### Source data
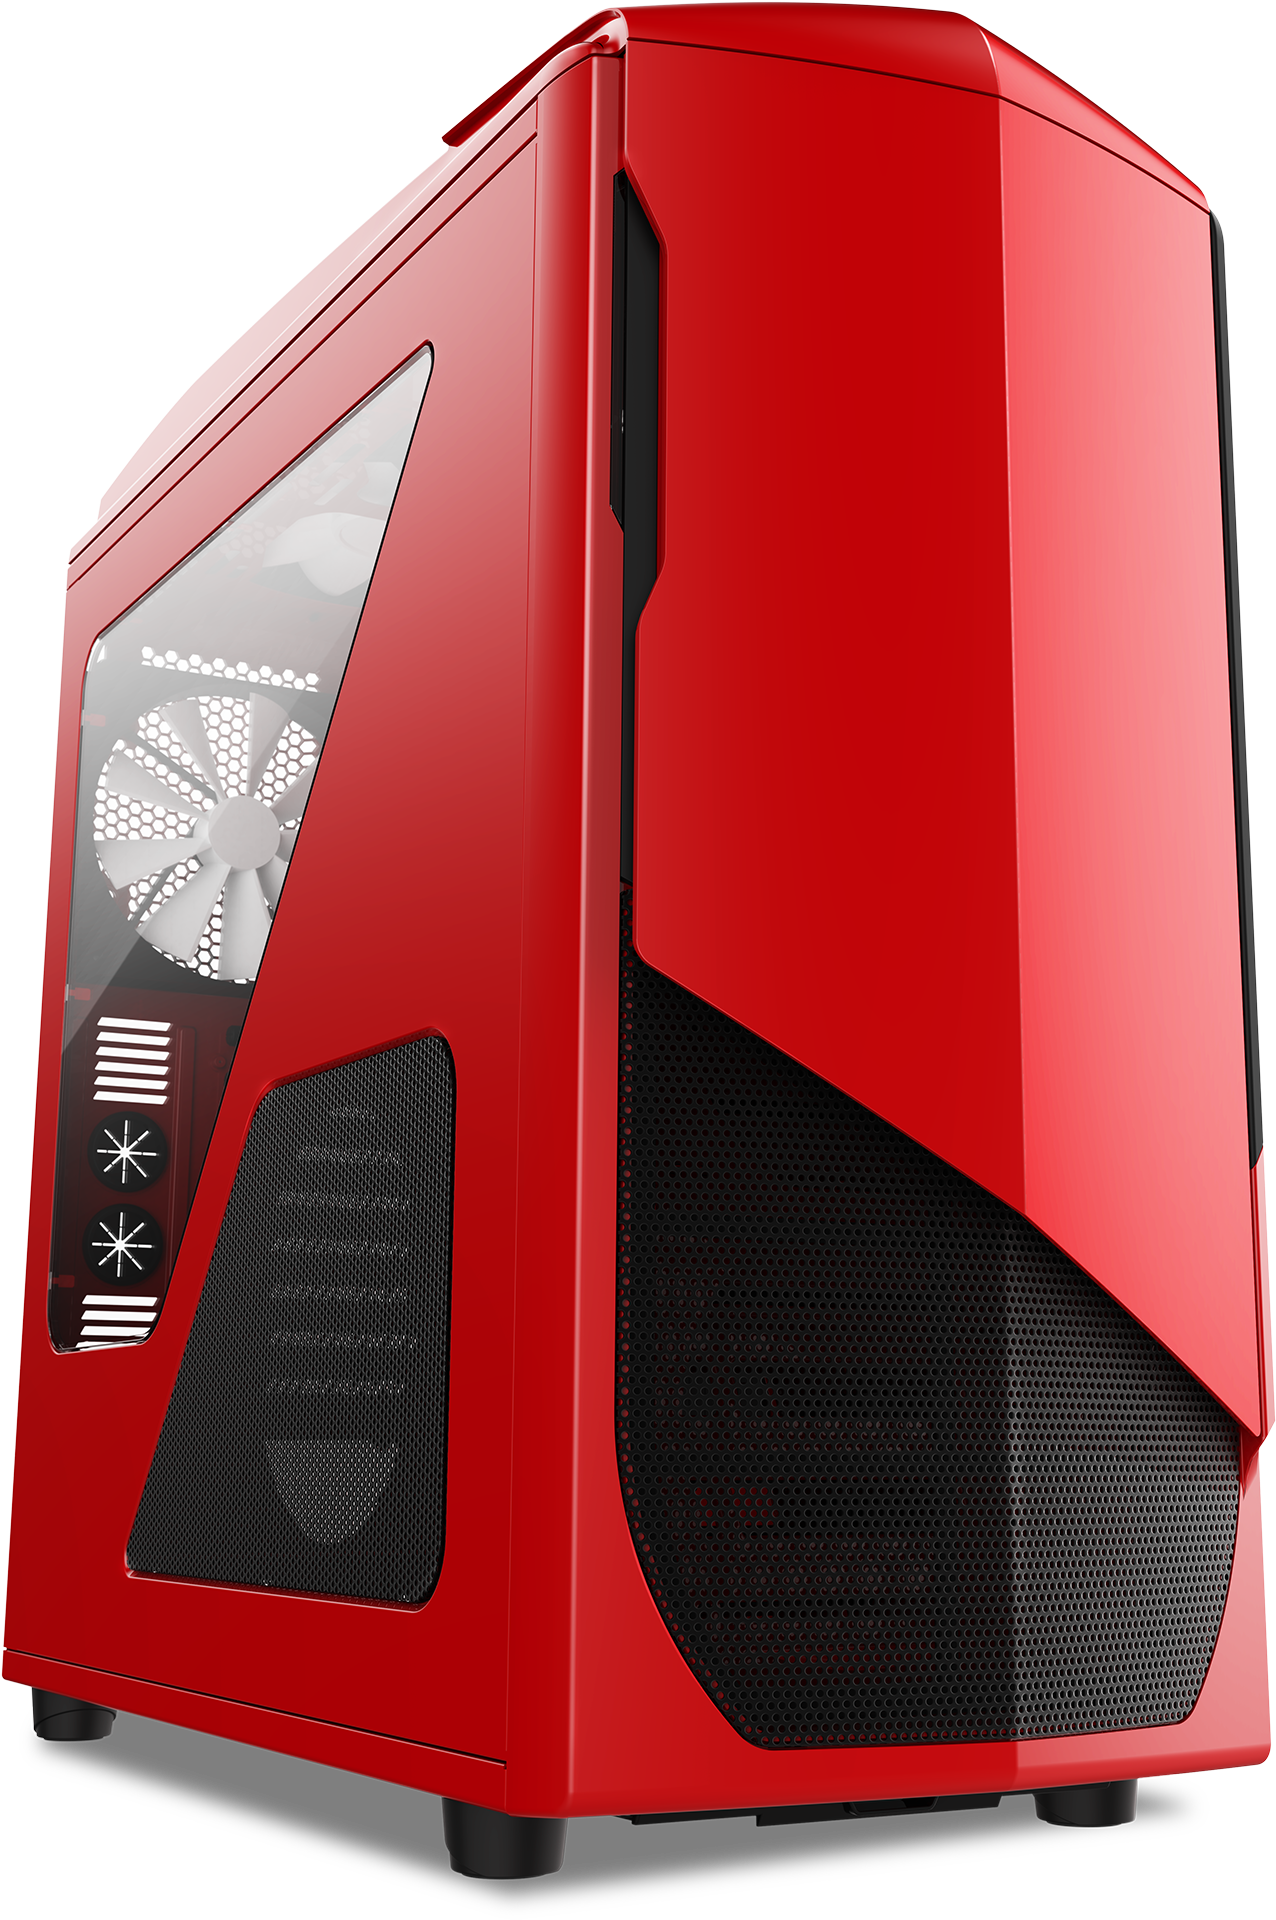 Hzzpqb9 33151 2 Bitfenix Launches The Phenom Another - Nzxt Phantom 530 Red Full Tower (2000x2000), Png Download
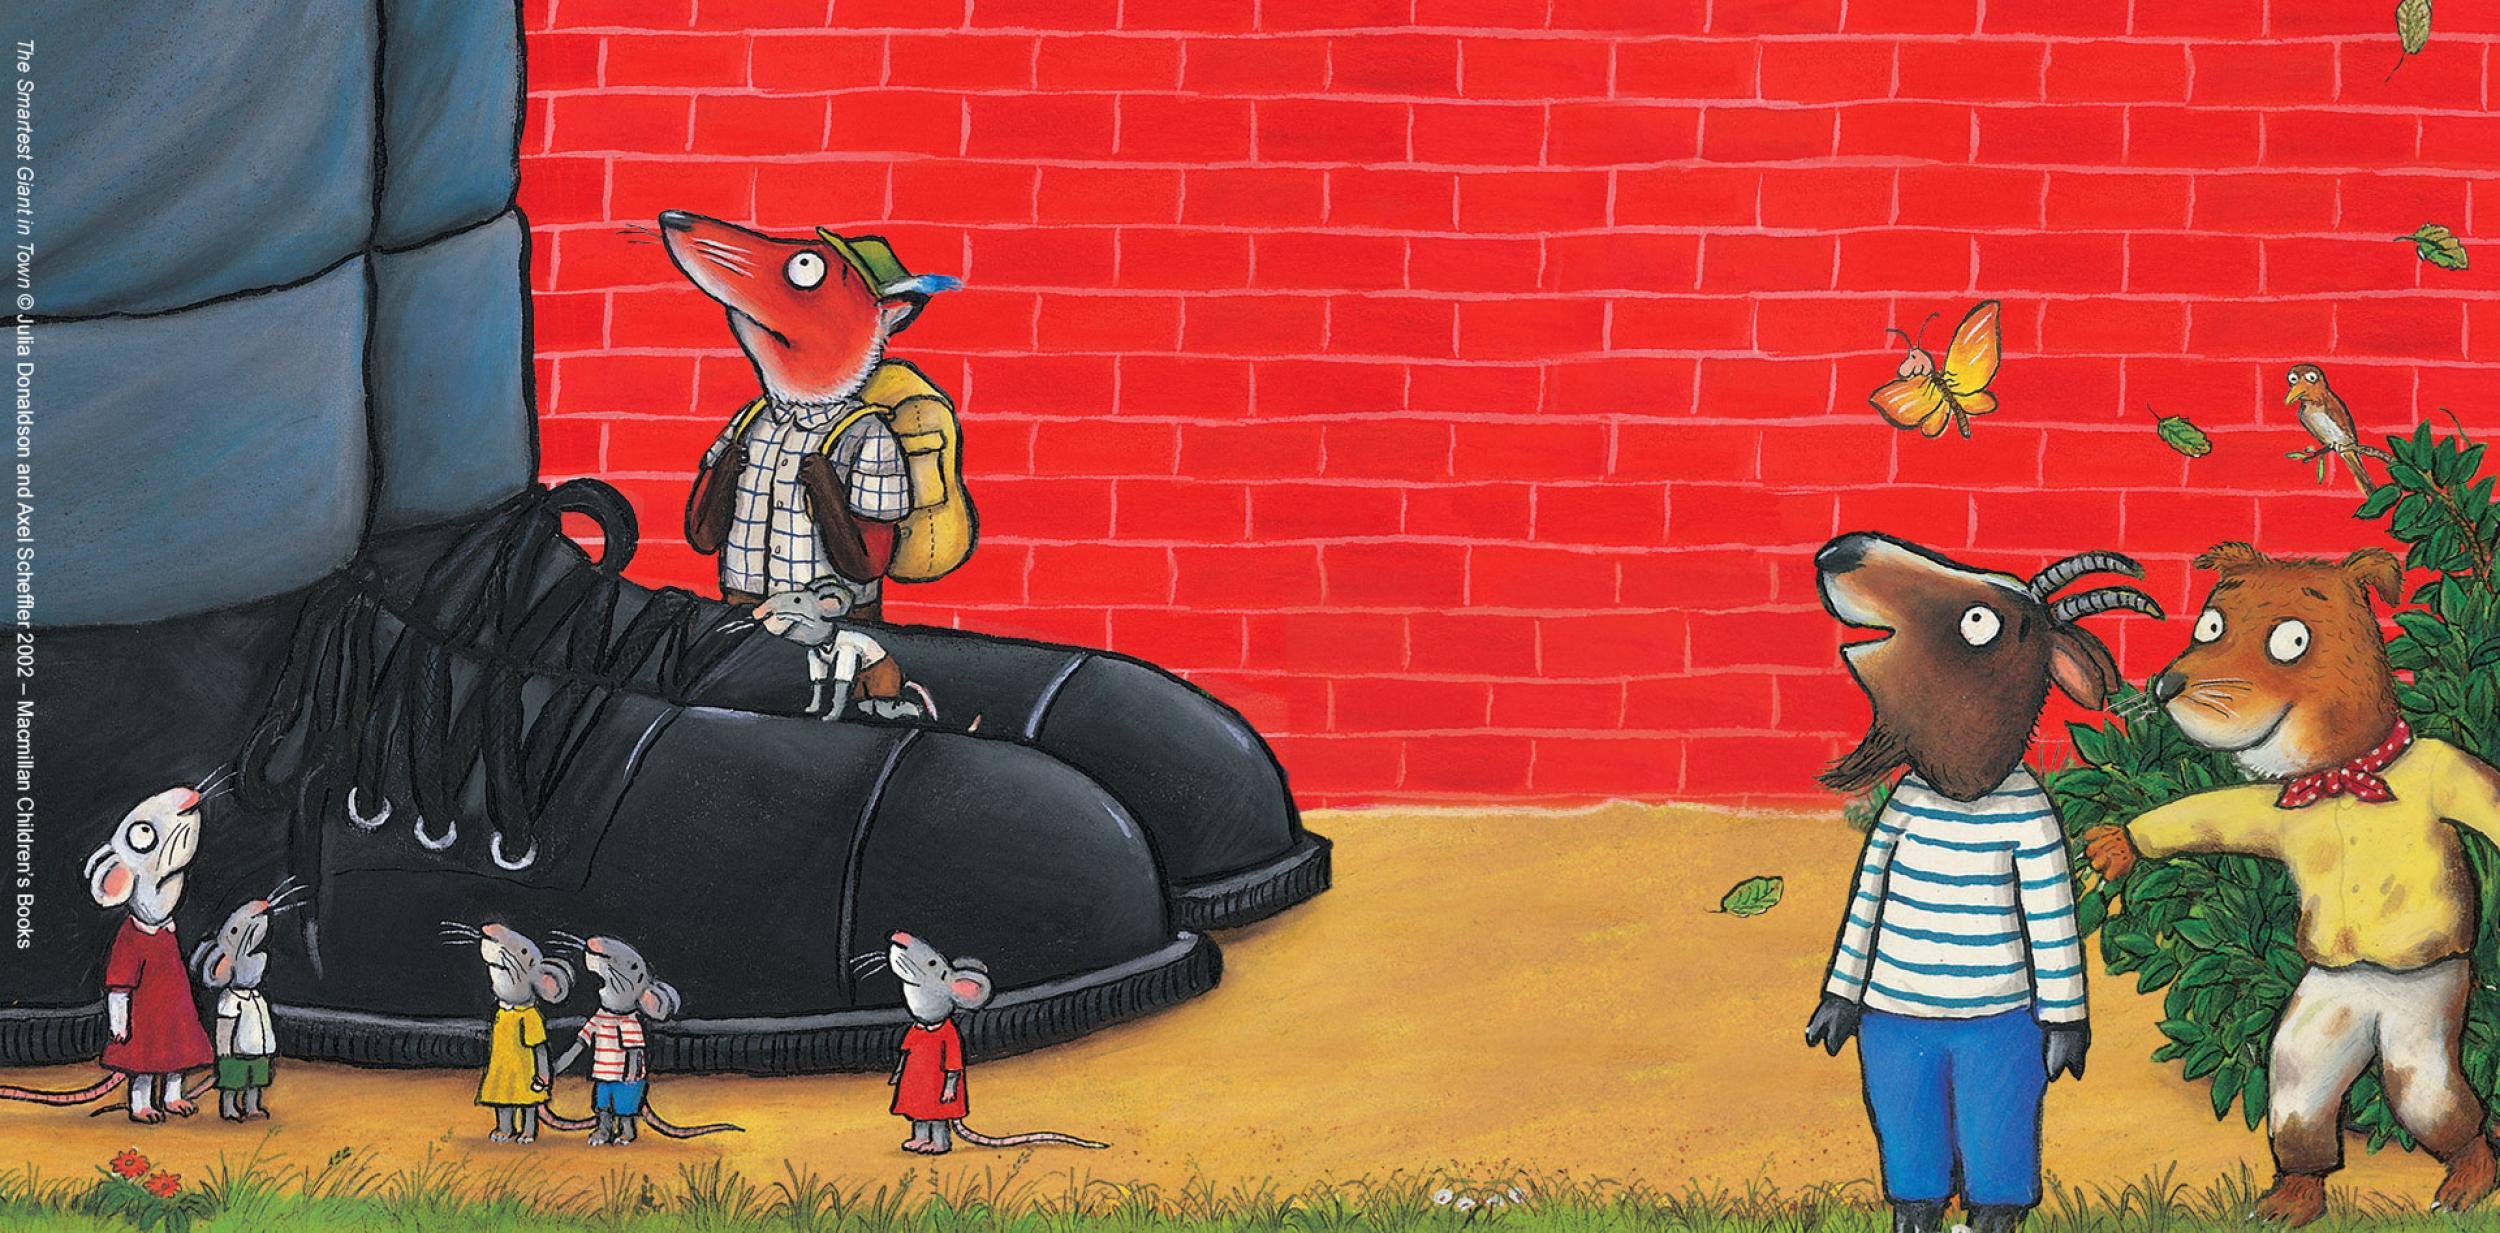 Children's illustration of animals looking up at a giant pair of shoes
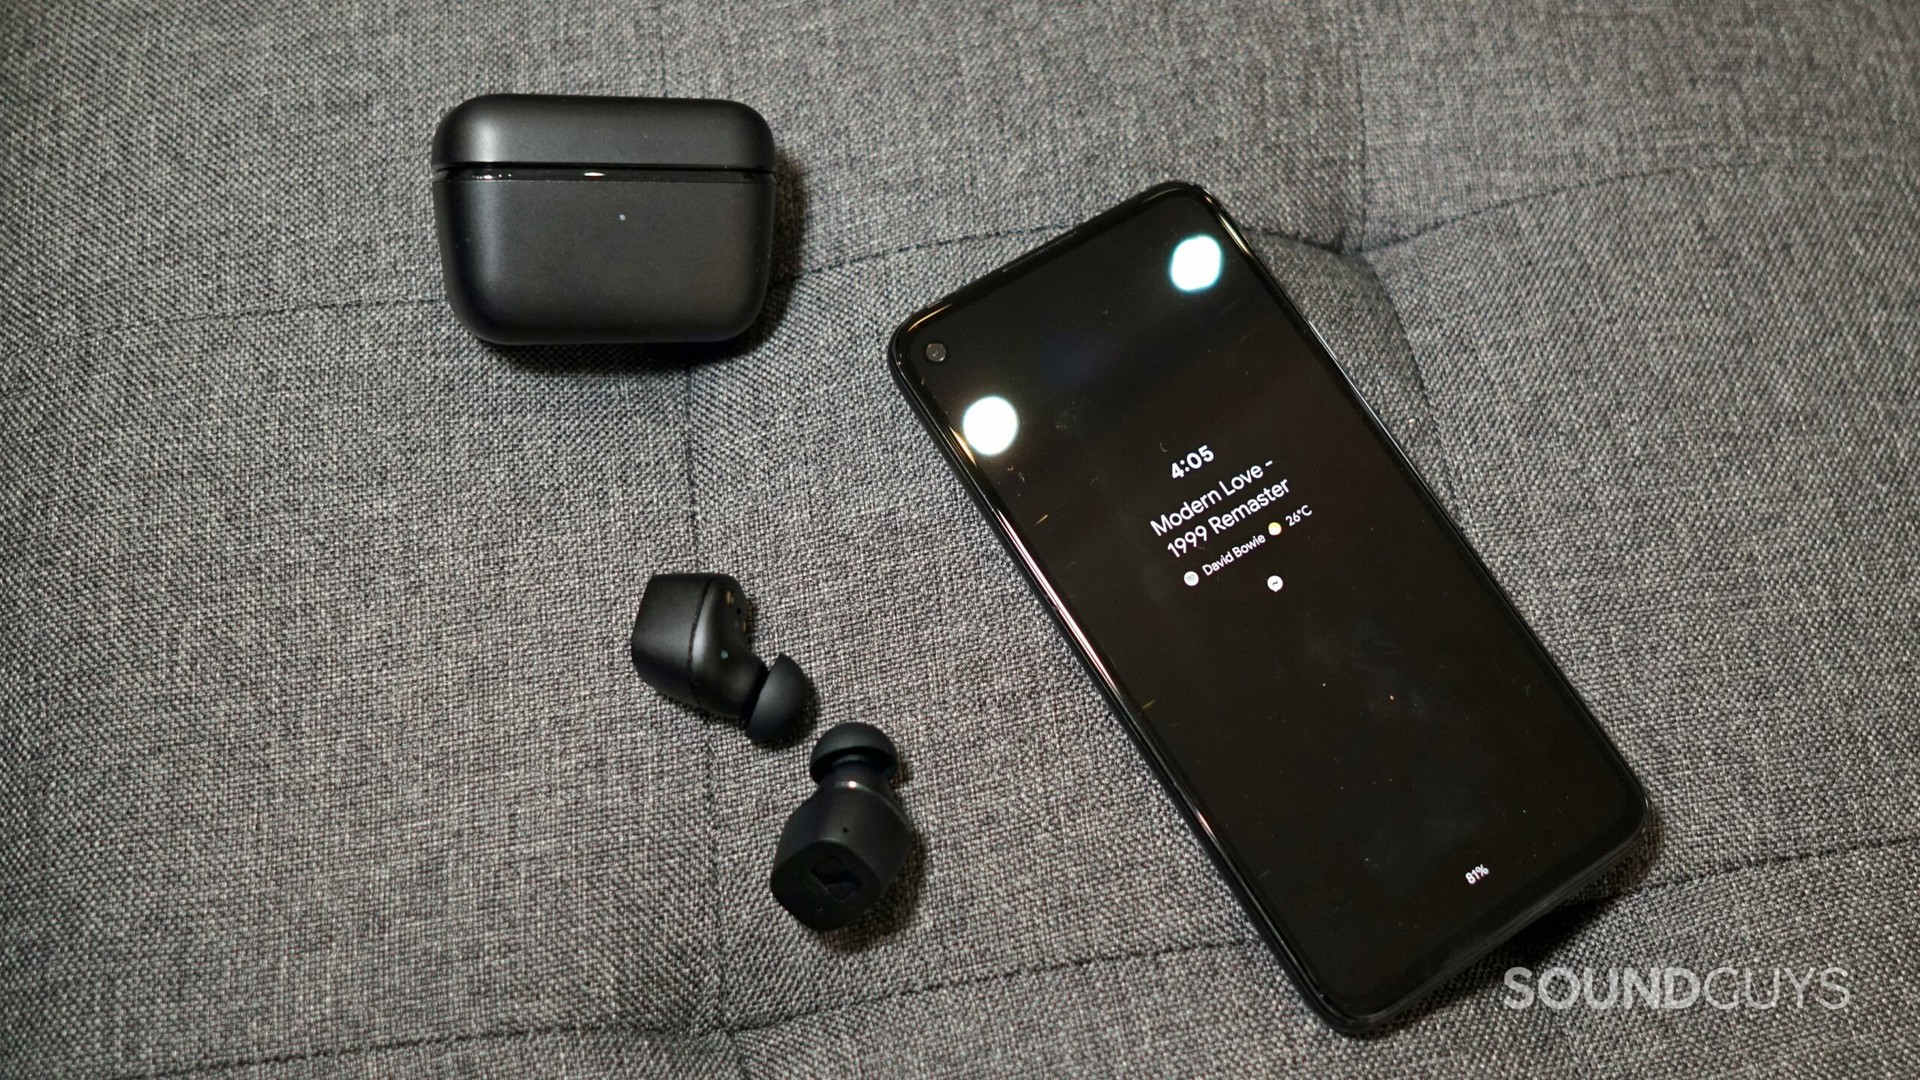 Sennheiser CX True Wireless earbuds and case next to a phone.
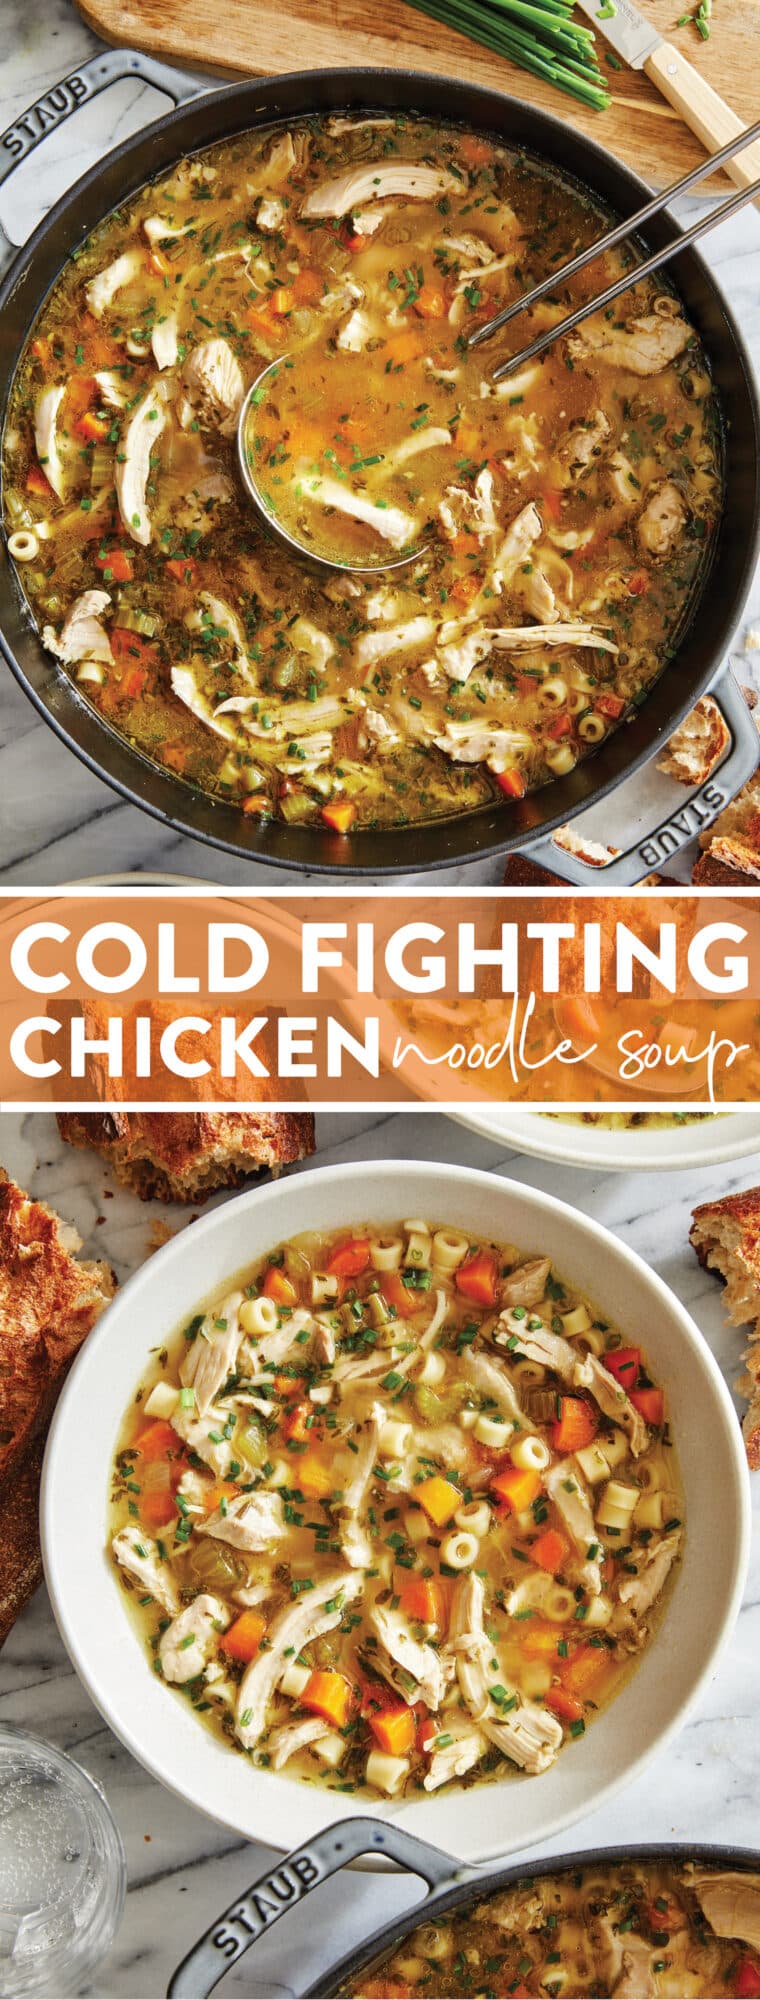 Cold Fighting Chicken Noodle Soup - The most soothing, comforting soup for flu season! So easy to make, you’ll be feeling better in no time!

### Exercise requirements
Retype the data above exactly; pictures are not part of the copy.

### Output of the exercise
 Hzzpqb9 33151 2 Bitfenix Launches The Phenom Another - Nzxt Phantom 530 Red Full Tower (2000x2000), Png Download
 Children's illustration of animals looking up at a giant pair of shoes
 Sennheiser CX True Wireless earbuds and case next to a phone.
 Cold Fighting Chicken Noodle Soup - The most soothing, comforting soup for flu season! So easy to make, you’ll be feeling better in no time!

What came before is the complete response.